LANSING, Mich. (WLNS) — Hundreds of advocates and car crash survivors gathered at the capitol Tuesday to call for new laws that would help provide care to more than 7,000 crash survivors who lost their benefits after Michigan made changes to its no-fault law in 2019.
Advocates say that the situation has led to a care crisis that has led to people dying.
“I’m asking them to give us those benefits and all the things that we’re entitled to,” said Quinton Williams, who was in an auto accident 30 years ago. “I basically do have the care … But It’s limited care. I was in an auto accident, a T-bone that caused me to have a traumatic brain injury. Which I suffer from today.”
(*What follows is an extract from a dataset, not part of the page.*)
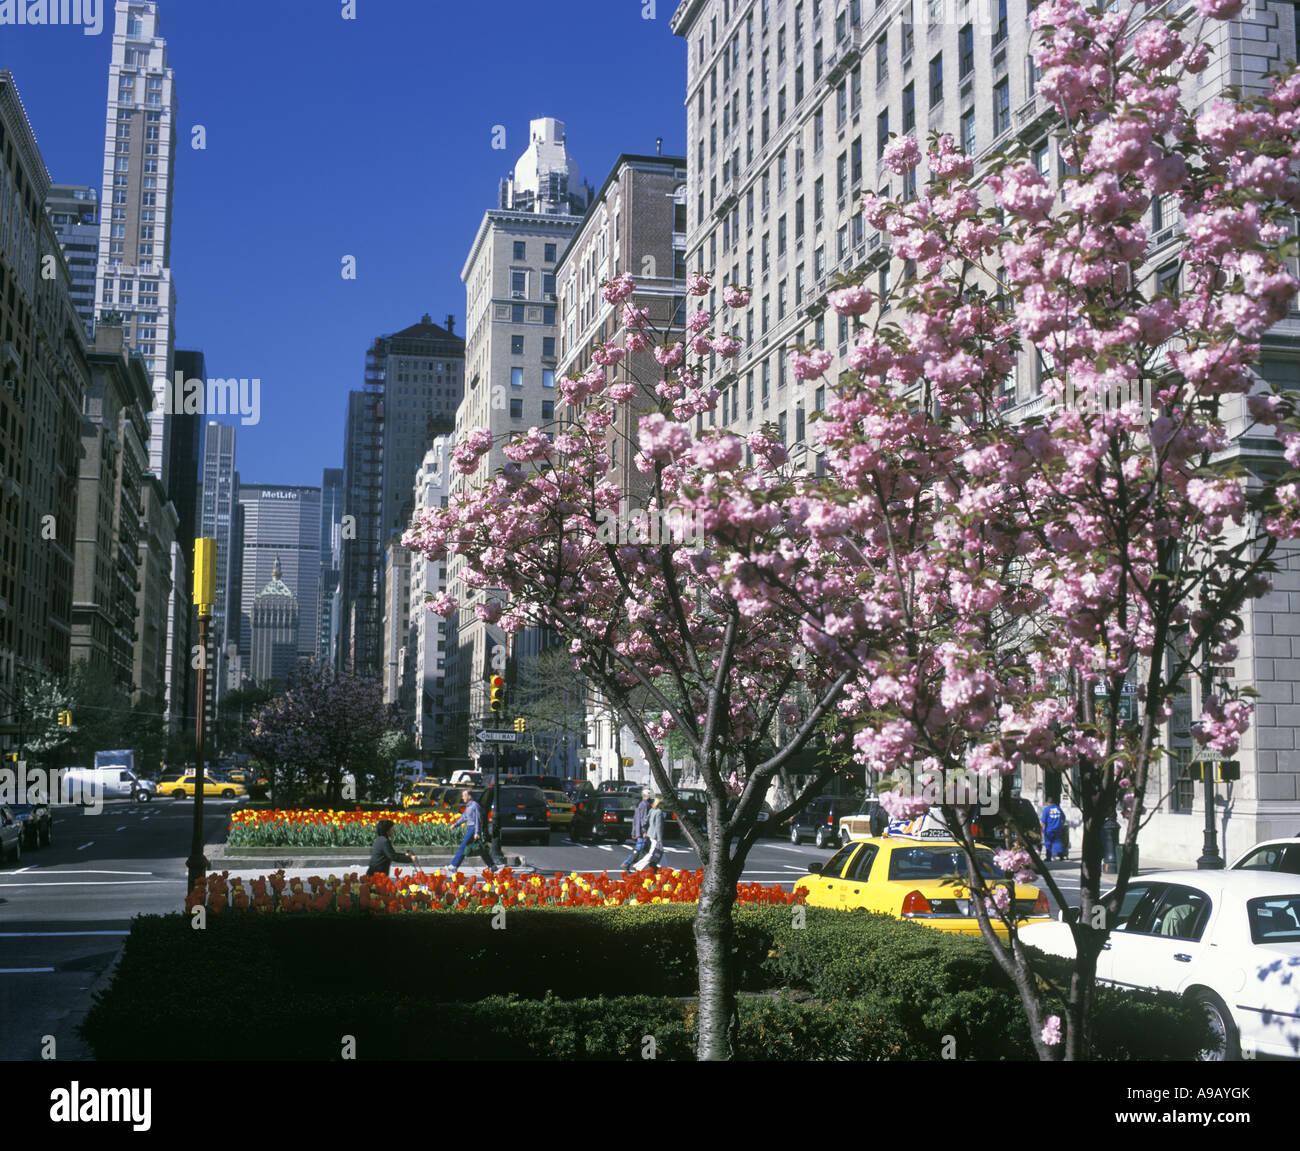 City Manhattan: SPRING STREET SCENE PARK AVENUE MANHATTAN NEW YORK CITY

Advocates like him say the change to Michigan’s no-fault auto law back in 2019 cut reimbursement for at-home caregivers practically in half and restricted the time they work per week to 56 hours when most survivors need care 24 hours a day. Advocates blame those changes for at least 14 deaths, and for putting 14,000 at-home caregivers out of work.
Williams said he will never walk again, but it would mean a lot to him and other survivors to see the law standing on their side. Today’s rally brought out lawmakers who want to see a change.
Tuesday’s rally came after some lawmakers introduced two senate bills that will address the care crisis hundreds of auto crash victims are facing. The bills introduced last week will reimburse caregivers and extend the number of weekly hours they work.
People who support the 2019 changes to the law, including the insurance industry, say the current law not only helps cut down on what they call “over-charging” for health care… it made car insurance more affordable for everyone in Michigan.